Divide -\frac{8}{9}, the coefficient of the x term, by 2 to get -\frac{4}{9}. Then add the square of -\frac{4}{9} to both sides of the equation. This step makes the left hand side of the equation a perfect square.

x^{2}-\frac{8}{9}x+\frac{16}{81}=\frac{4}{3}+\frac{16}{81}

Square -\frac{4}{9} by squaring both the numerator and the denominator of the fraction.

x^{2}-\frac{8}{9}x+\frac{16}{81}=\frac{124}{81}

Add \frac{4}{3} to \frac{16}{81} by finding a common denominator and adding the numerators. Then reduce the fraction to lowest terms if possible.

\left(x-\frac{4}{9}\right)^{2}=\frac{124}{81}

Factor x^{2}-\frac{8}{9}x+\frac{16}{81}. In general, when x^{2}+bx+c is a perfect square, it can always be factored as \left(x+\frac{b}{2}\right)^{2}.

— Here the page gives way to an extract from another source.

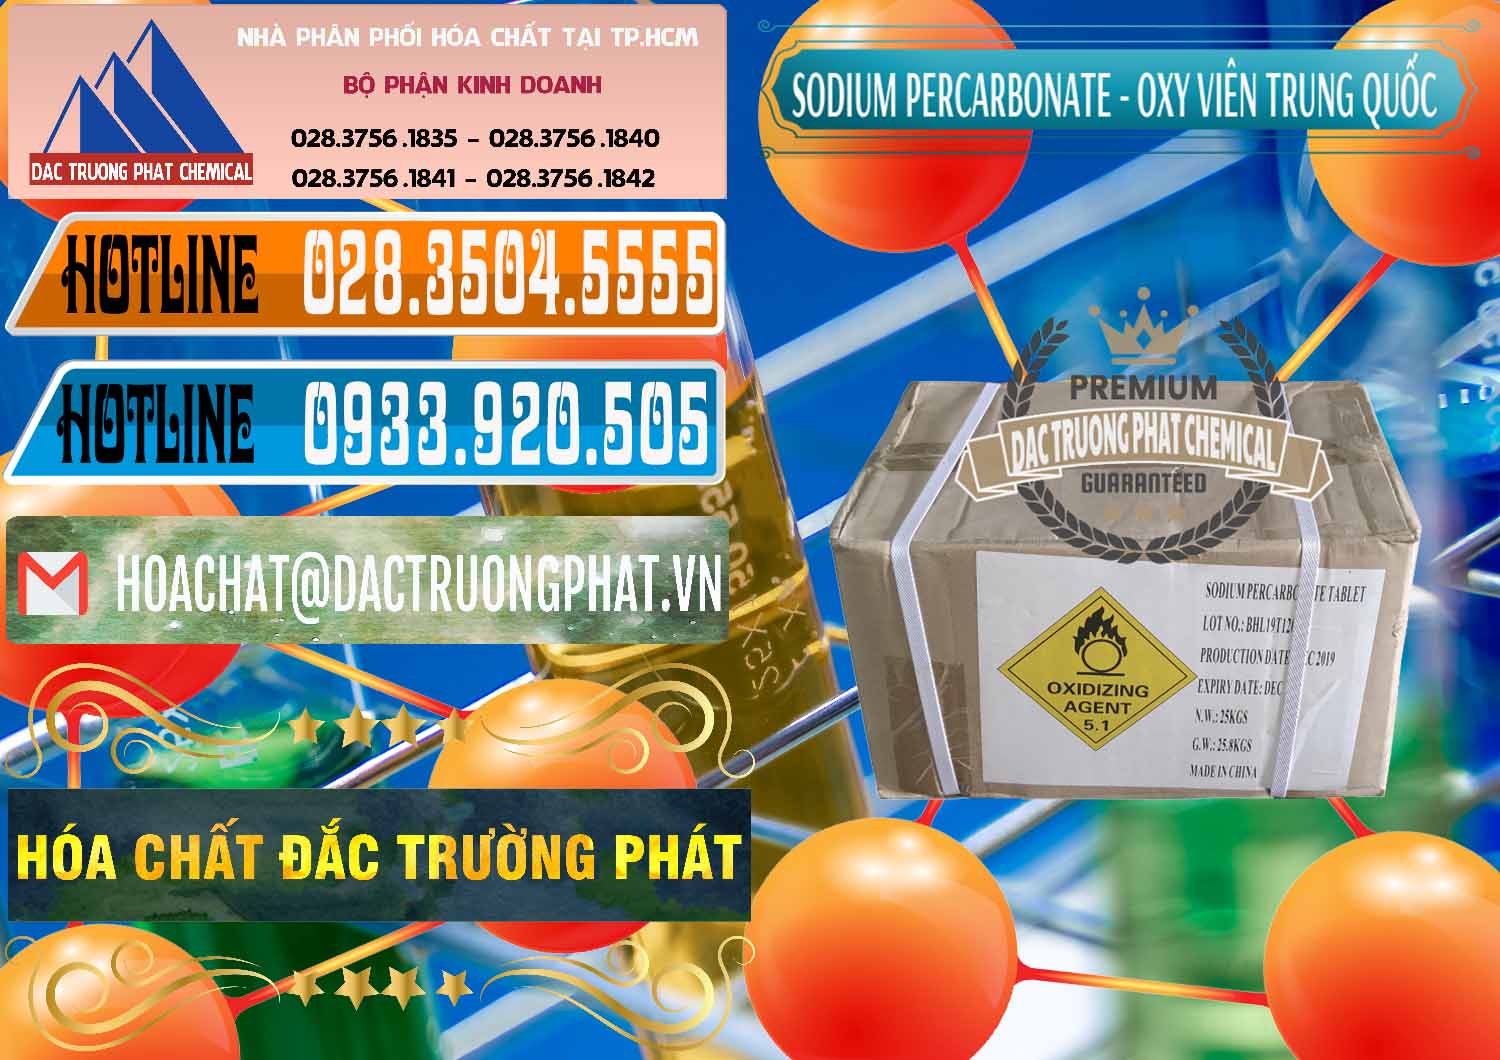 Cty chuyên cung cấp & bán Sodium Percarbonate - Oxy Dạng Viên Trung Quốc China - 0329 - Chuyên kinh doanh _ cung cấp hóa chất tại TP.HCM - stmp.net

\sqrt{\left(x-\frac{4}{9}\right)^{2}}=\sqrt{\frac{124}{81}}

Take the square root of both sides of the equation.

x-\frac{4}{9}=\frac{2\sqrt{31}}{9} x-\frac{4}{9}=-\frac{2\sqrt{31}}{9}

Simplify.

x=\frac{2\sqrt{31}+4}{9} x=\frac{4-2\sqrt{31}}{9}

Add \frac{4}{9} to both sides of the equation.